- Born: Will Westerman
- Origin: London, England
- Genres: Art pop
- Occupations: Singer-songwriter; musician;
- Years active: 2010s–present
- Labels: Partisan Records

= Westerman (musician) =

British singer-songwriter

Westerman is the stage name of British singer-songwriter Will Westerman.
His debut album, Your Hero Is Not Dead (2020), was released to critical acclaim, followed by An Inbuilt Fault (2023) and A Jackal's Wedding (2025).

==Career==
Originally from London, Westerman first gained attention in the late 2010s with a series of music releases marked by intricate, soft-rock-inflected production. Critics have noted similarity of Westerman's music with various artists, including Arthur Russell, Talk Talk, and Nick Drake.

=== Your Hero Is Not Dead (2020) ===
Recorded in Lisbon and London, Westerman's debut album, Your Hero Is Not Dead, was released on Partisan Records in 2020. Produced with Nathan Jenkins (Bullion), the album combines "whimsical curiosity and technical proficiency," and explores themes of uncertainty and self-interrogation.
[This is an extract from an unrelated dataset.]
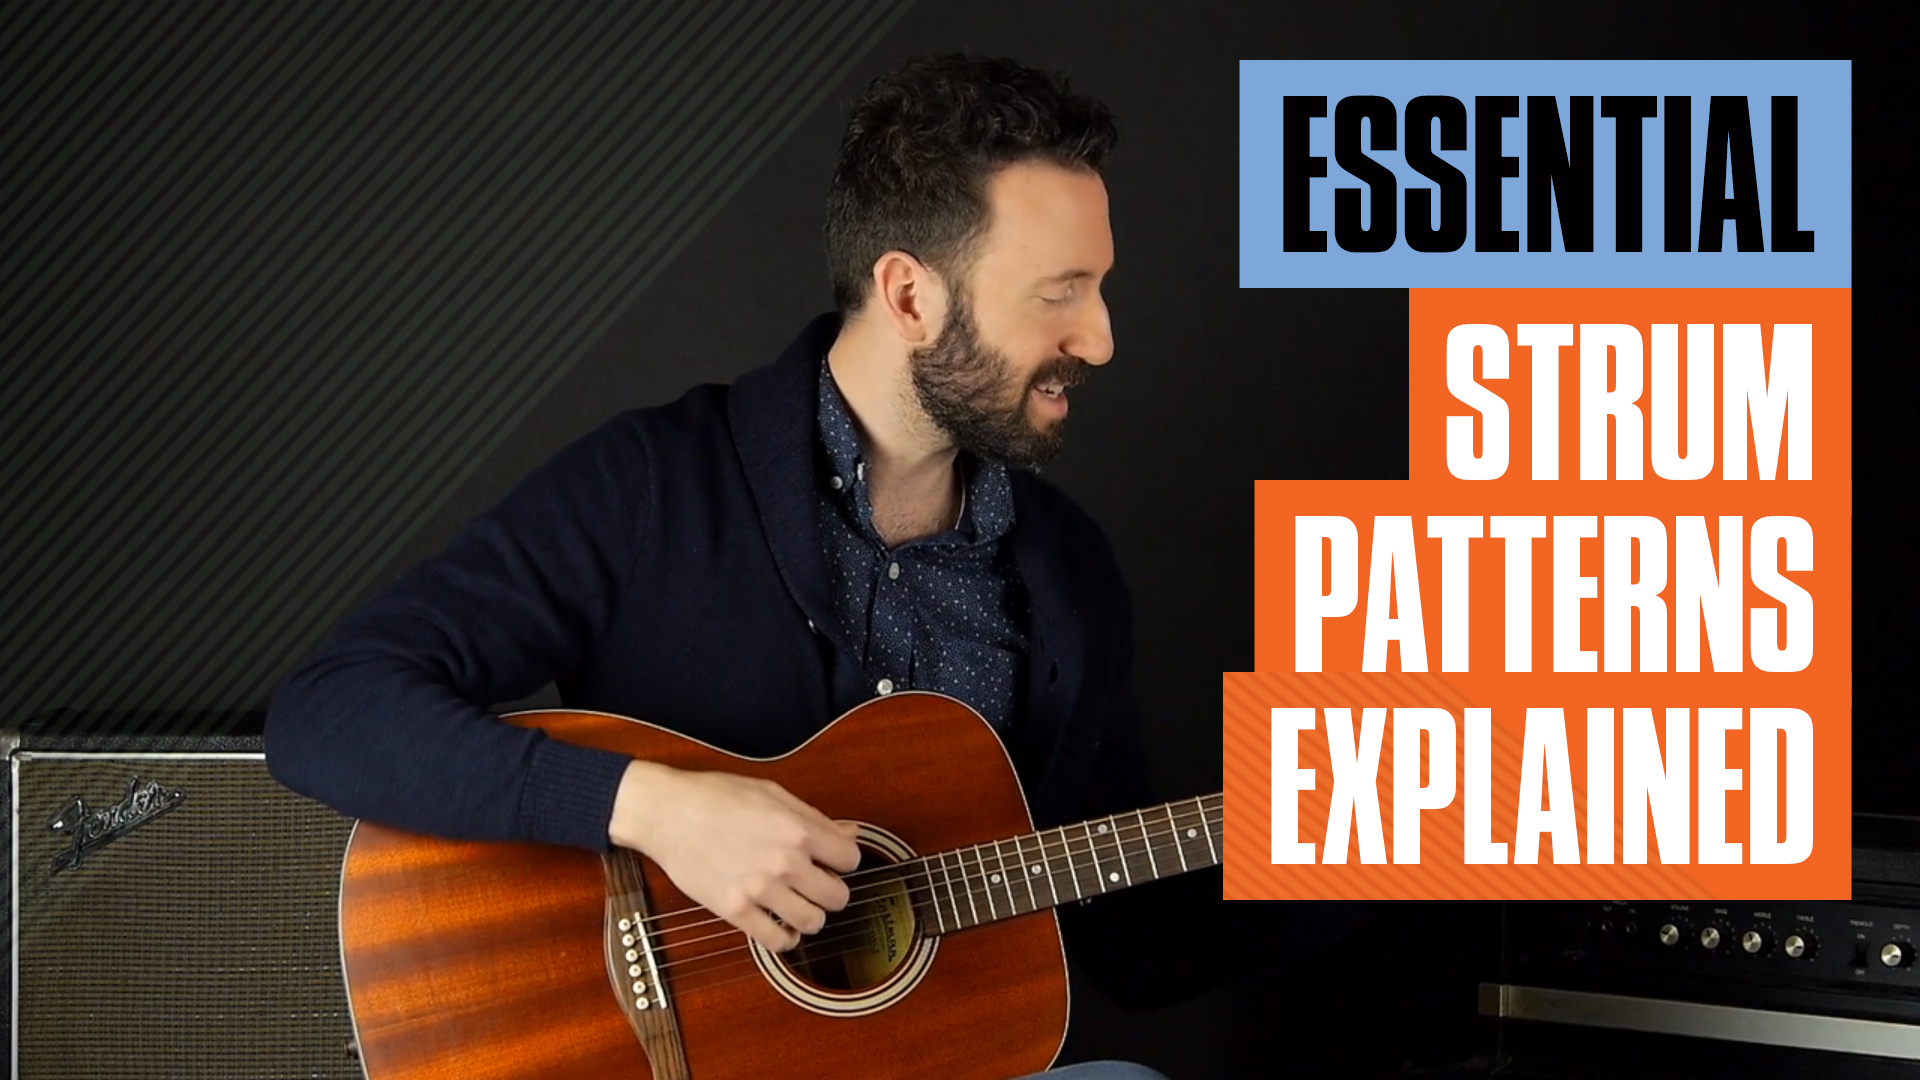 EssentialStrum Patterns YT Thumb

=== An Inbuilt Fault (2023) ===
Westerman's second album, An Inbuilt Fault was released in 2023, receiving positive reviews, leading him to be named Billboard's 'indie artist of the month'.

=== A Jackal's Wedding (2025) ===
Produced with Marta Salogni, A Jackal's Wedding incorporates contributions from drummers Stella Mozgawa and James Krivchenia and foregrounds piano- and guitar-based songs that are more minimalist in composition than his earlier albums. The album was written in Athens and recorded on the Greek island Hydra. It received acclaim upon release.

==Personal life==
Westerman currently lives in Greece. He spent time during the pandemic in Italy, where his father lives.